Required work:
Down to the last line, set down the listing below exactly, apart from its pictures.

Given data:
= = = = =

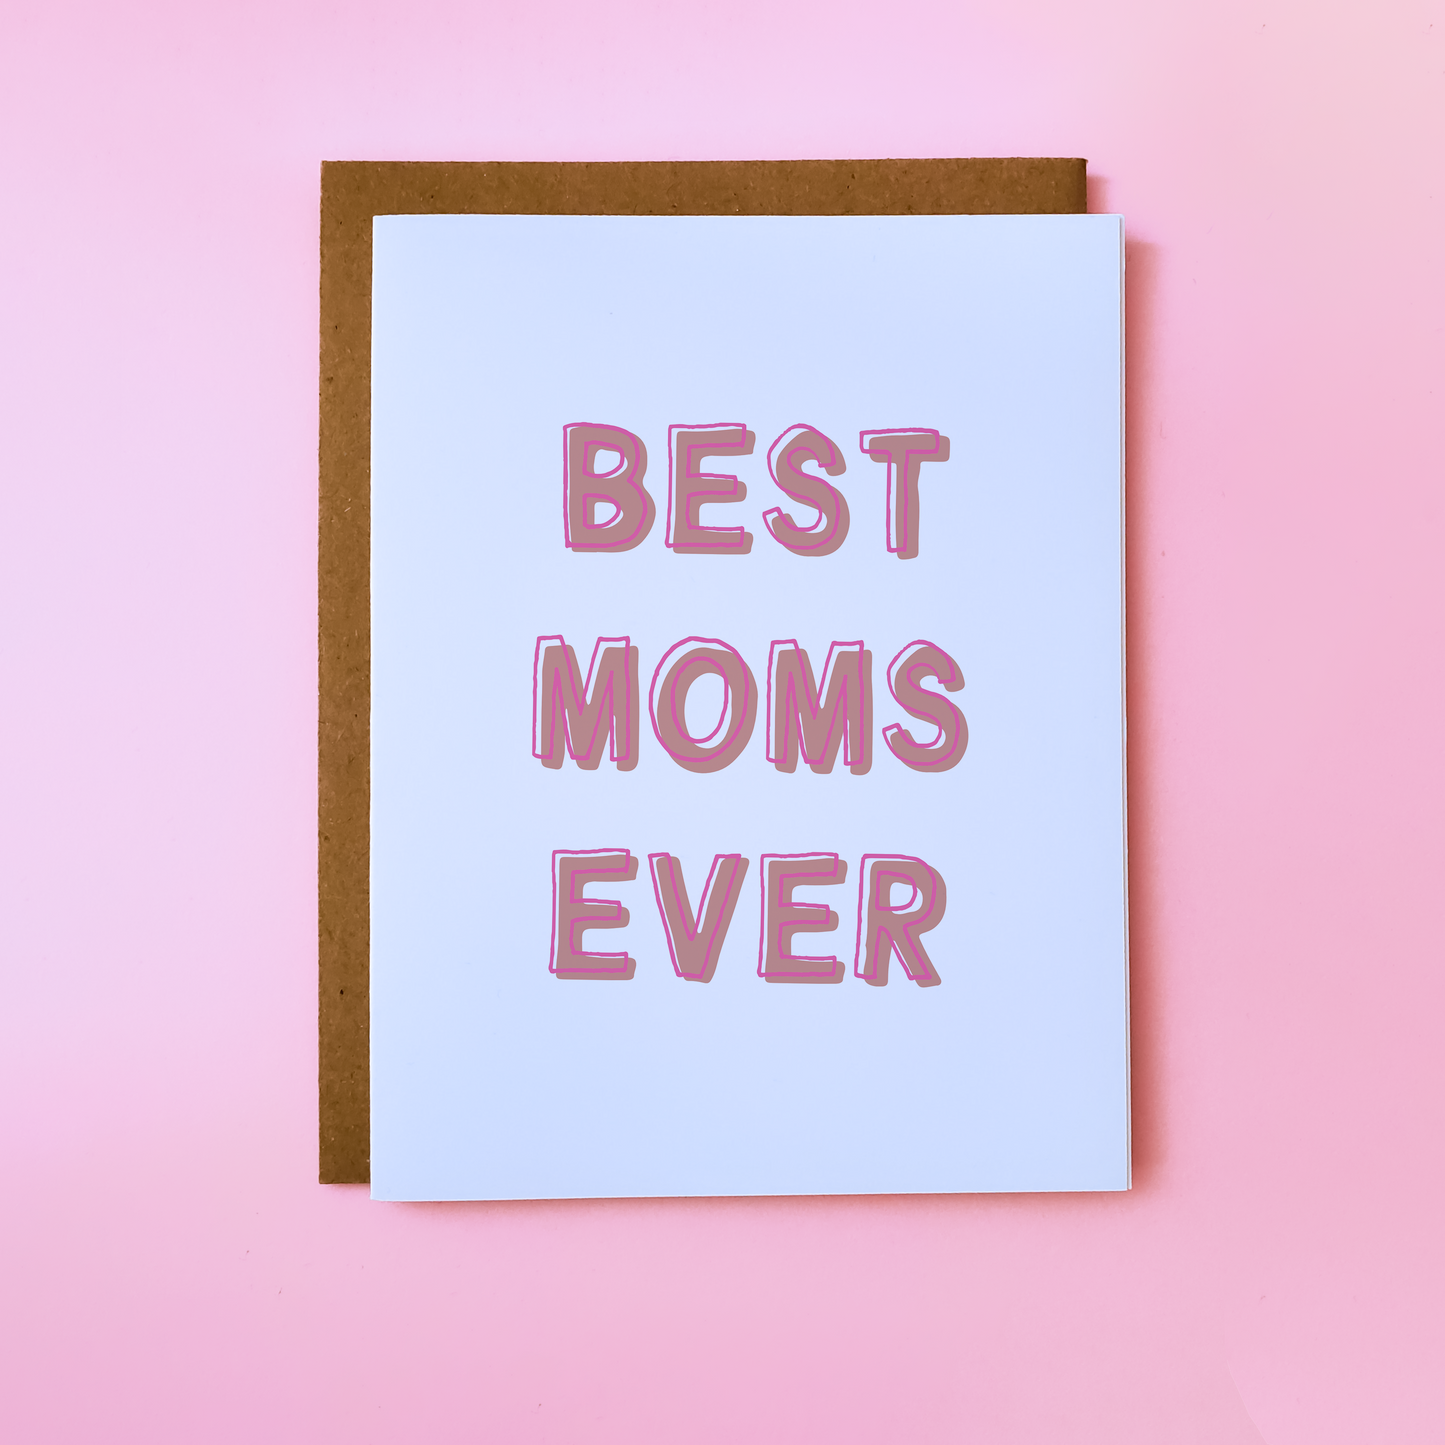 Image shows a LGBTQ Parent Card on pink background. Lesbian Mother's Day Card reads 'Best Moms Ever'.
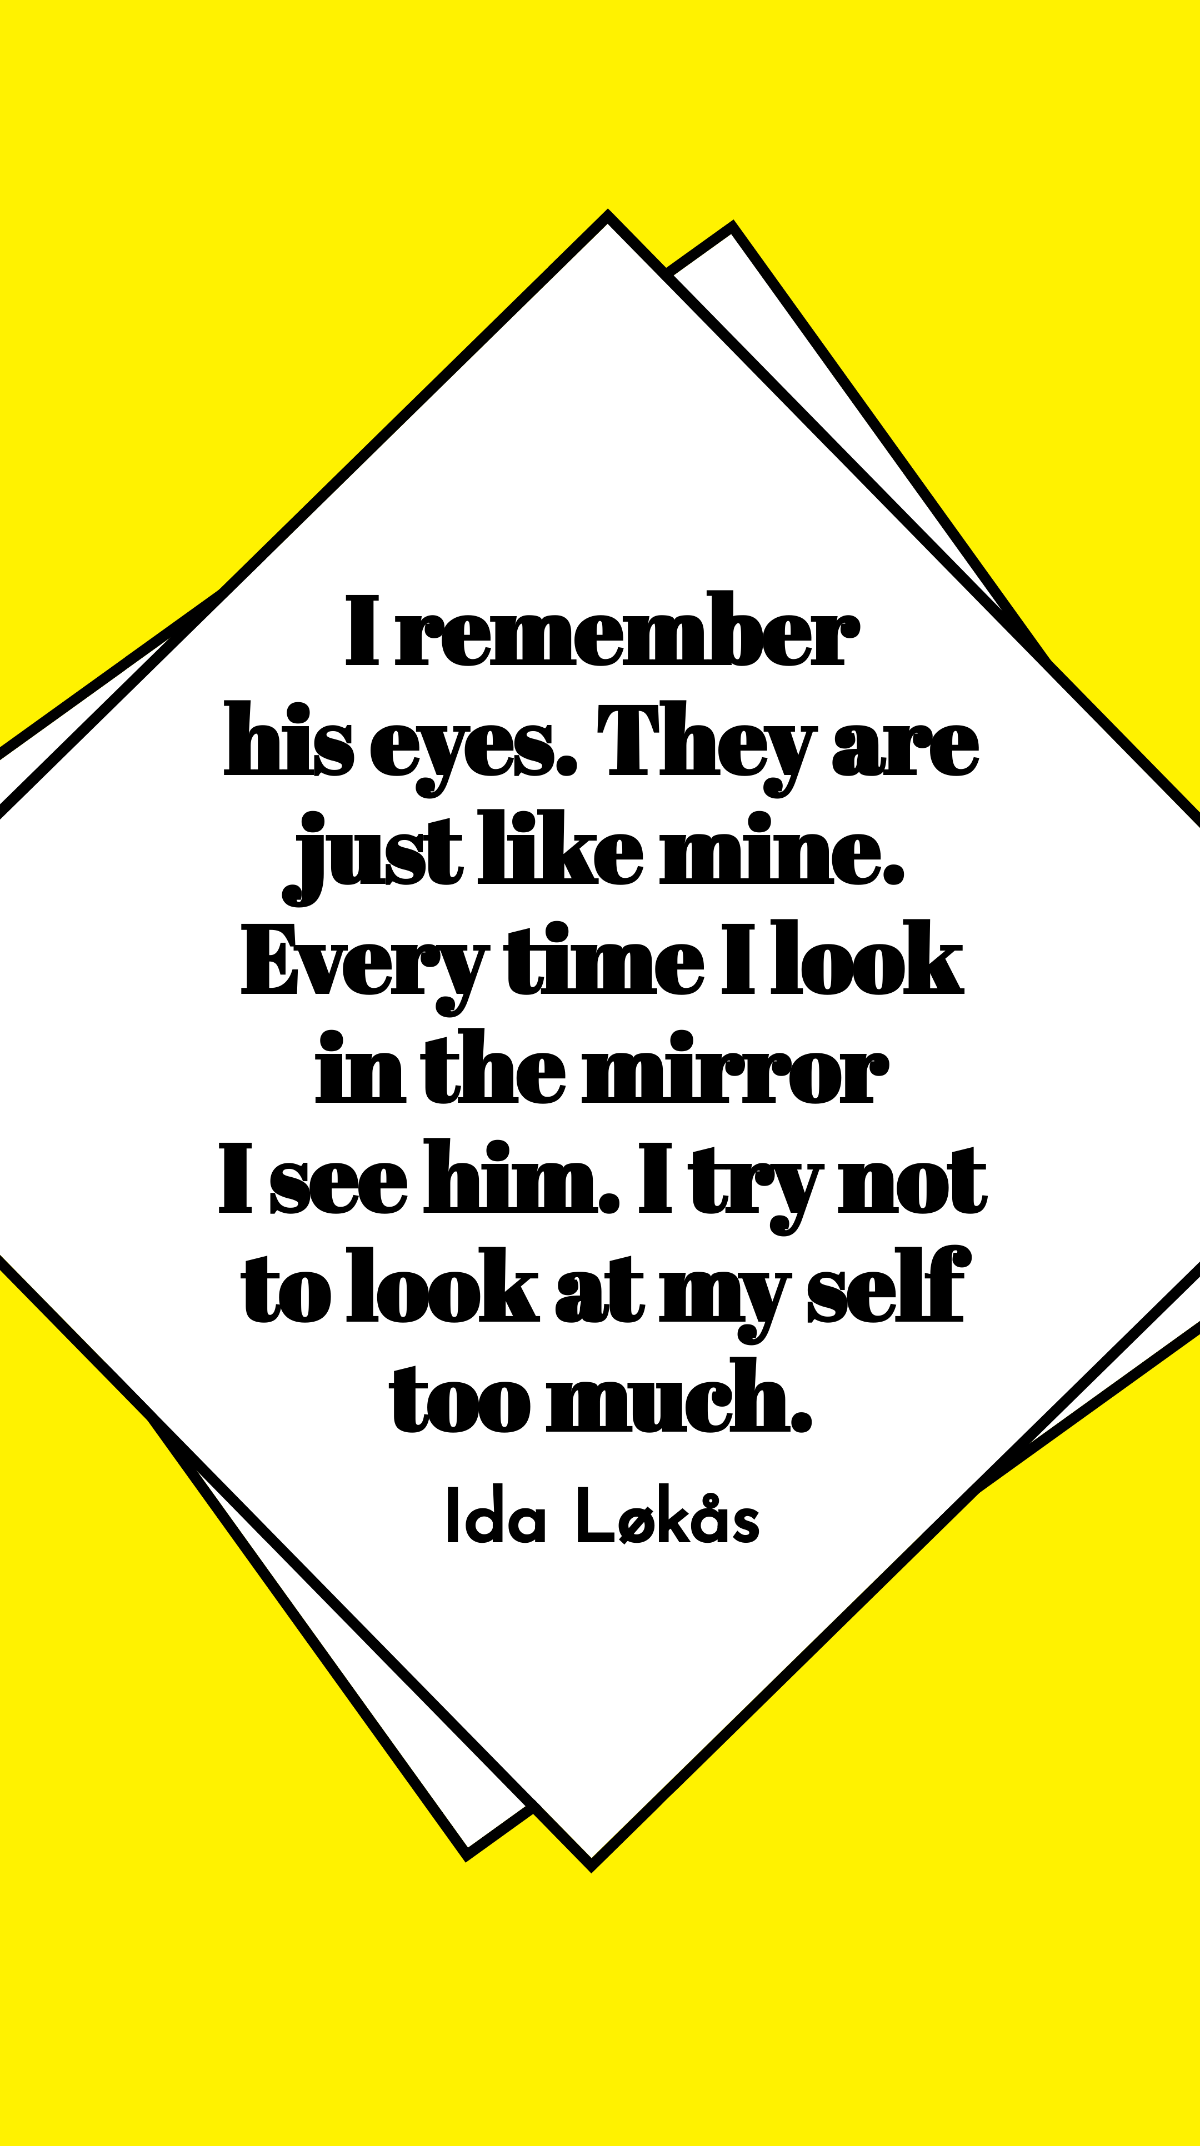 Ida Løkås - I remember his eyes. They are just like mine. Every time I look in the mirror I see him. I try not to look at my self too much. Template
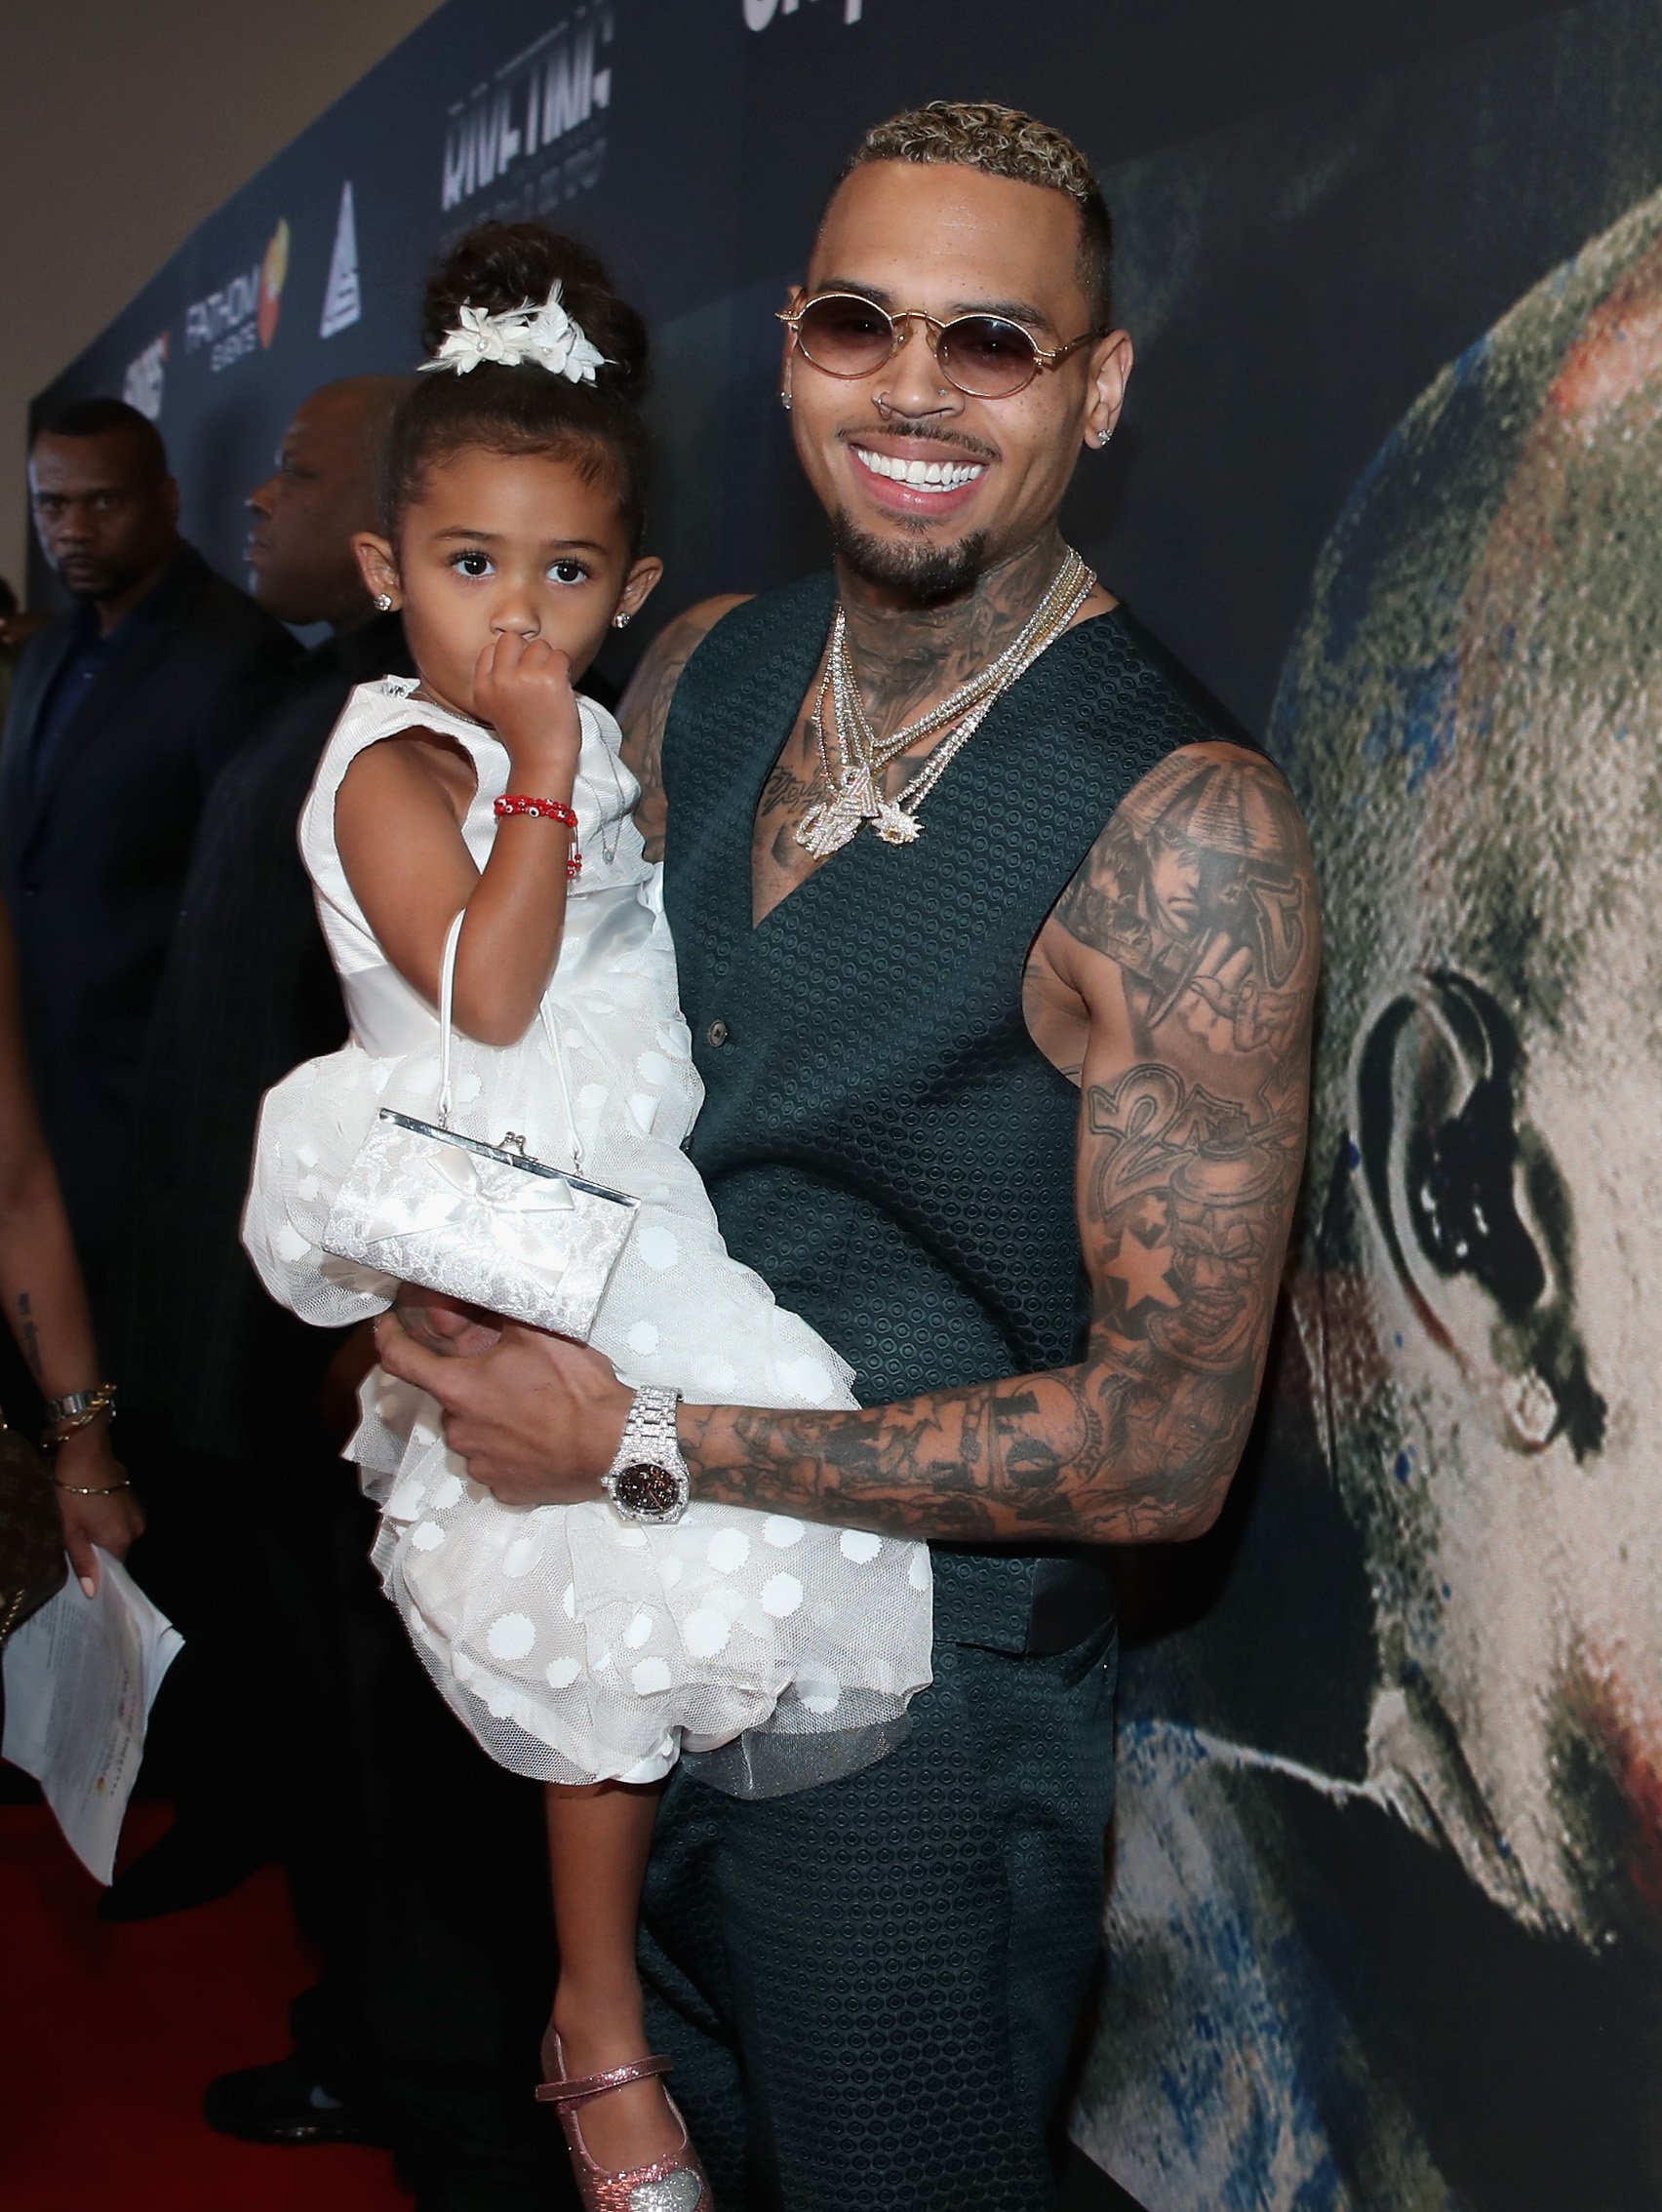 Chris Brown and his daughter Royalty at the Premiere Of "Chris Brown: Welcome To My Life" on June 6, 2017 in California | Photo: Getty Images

= = = = =

The completed task:
 Image shows a LGBTQ Parent Card on pink background. Lesbian Mother's Day Card reads 'Best Moms Ever'.
 Ida Løkås - I remember his eyes. They are just like mine. Every time I look in the mirror I see him. I try not to look at my self too much. Template
 Chris Brown and his daughter Royalty at the Premiere Of "Chris Brown: Welcome To My Life" on June 6, 2017 in California | Photo: Getty Images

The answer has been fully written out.